WAL segments removed from primary despite the fact that logical replication slot needs it.

Поиск
Список
Период
Сортировка
От hubert depesz lubaczewski
Тема WAL segments removed from primary despite the fact that logical replication slot needs it.
Дата
Msg-id Yz2hivgyjS1RfMKs@depesz.com
обсуждение исходный текст
Ответы Re: WAL segments removed from primary despite the fact that logical replication slot needs it.
Список pgsql-bugs
Hi,
We are still in process of preparing upgrades from Ubuntu Bionic with Pg
12 to Focal with Pg 14.

And today (well, yesterday) we hit something that looks like a bug.

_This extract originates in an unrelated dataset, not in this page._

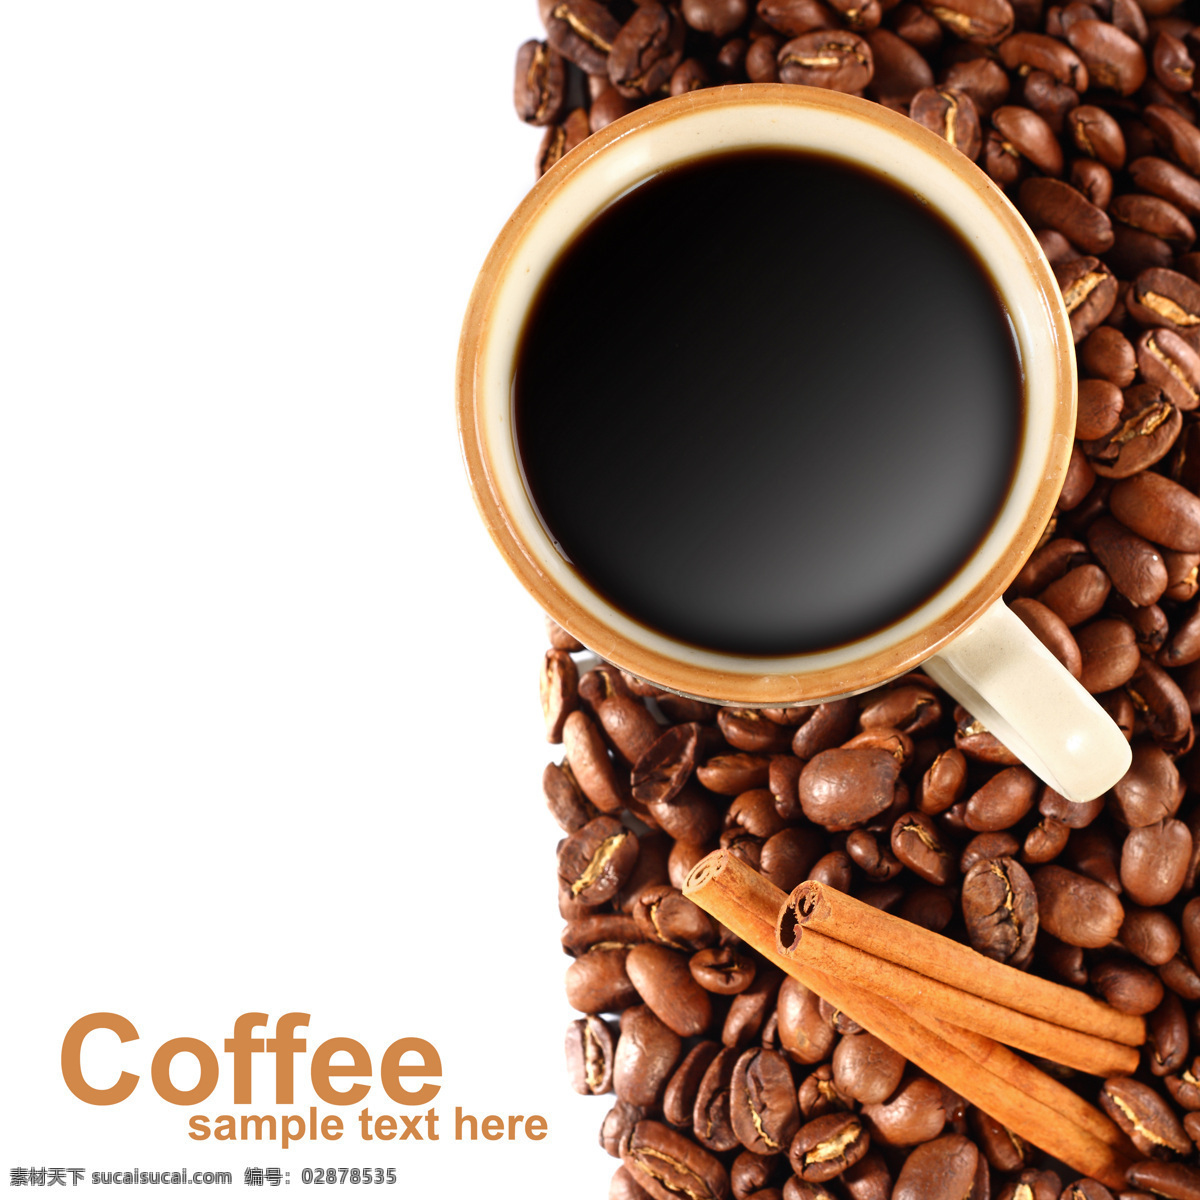 香 浓 咖啡 香浓咖啡 咖啡豆 咖啡杯 高雅 文化 饮料 饮品 饮料酒水 餐饮美食 咖啡图片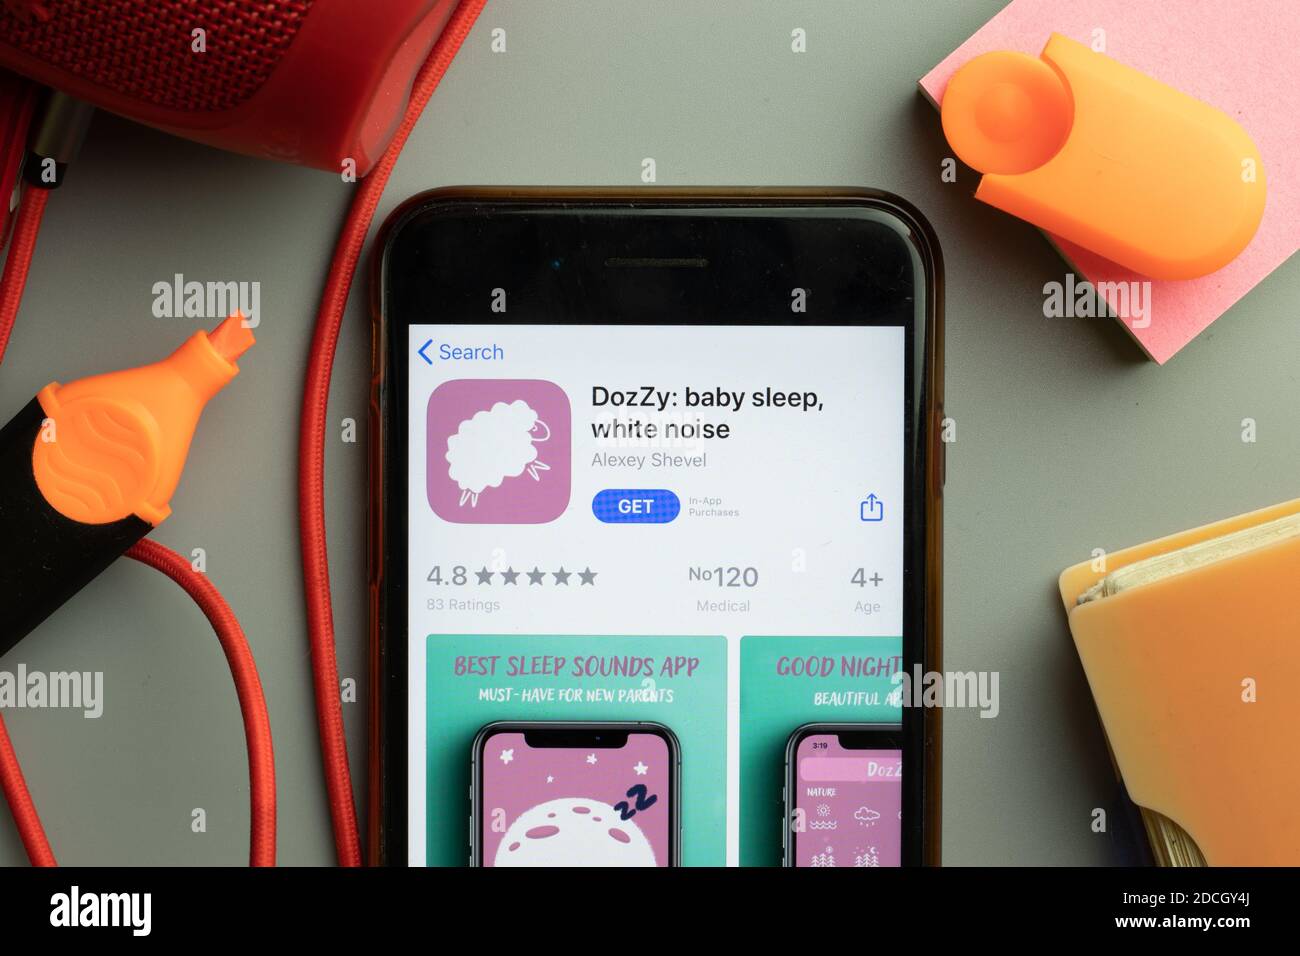 New York, Stati Uniti - 7 novembre 2020: Primo piano dello schermo del telefono con il logo dell'app mobile Dozy baby sleep in esposizione, editoriale illustrativo. Foto Stock

Jumping to problem - wal files needed by logical replication were
removed from primary, despite slot being there.

Now, a bit more details.

Our replication is setup using following method:

1. We create all tables and primary keys on pg14
2. replication slot is created, with no tables
3. we add some tables to replication slot, and wait for all tables to
   switch state to "ready"
4. rinse and repeat until all tables are in replication set
5. once all is ready, we add rest of schema (indexes, constraints,
   functions, fkeys, and so on).

This works. Worked?

Yesterday we saw something that broke the replication.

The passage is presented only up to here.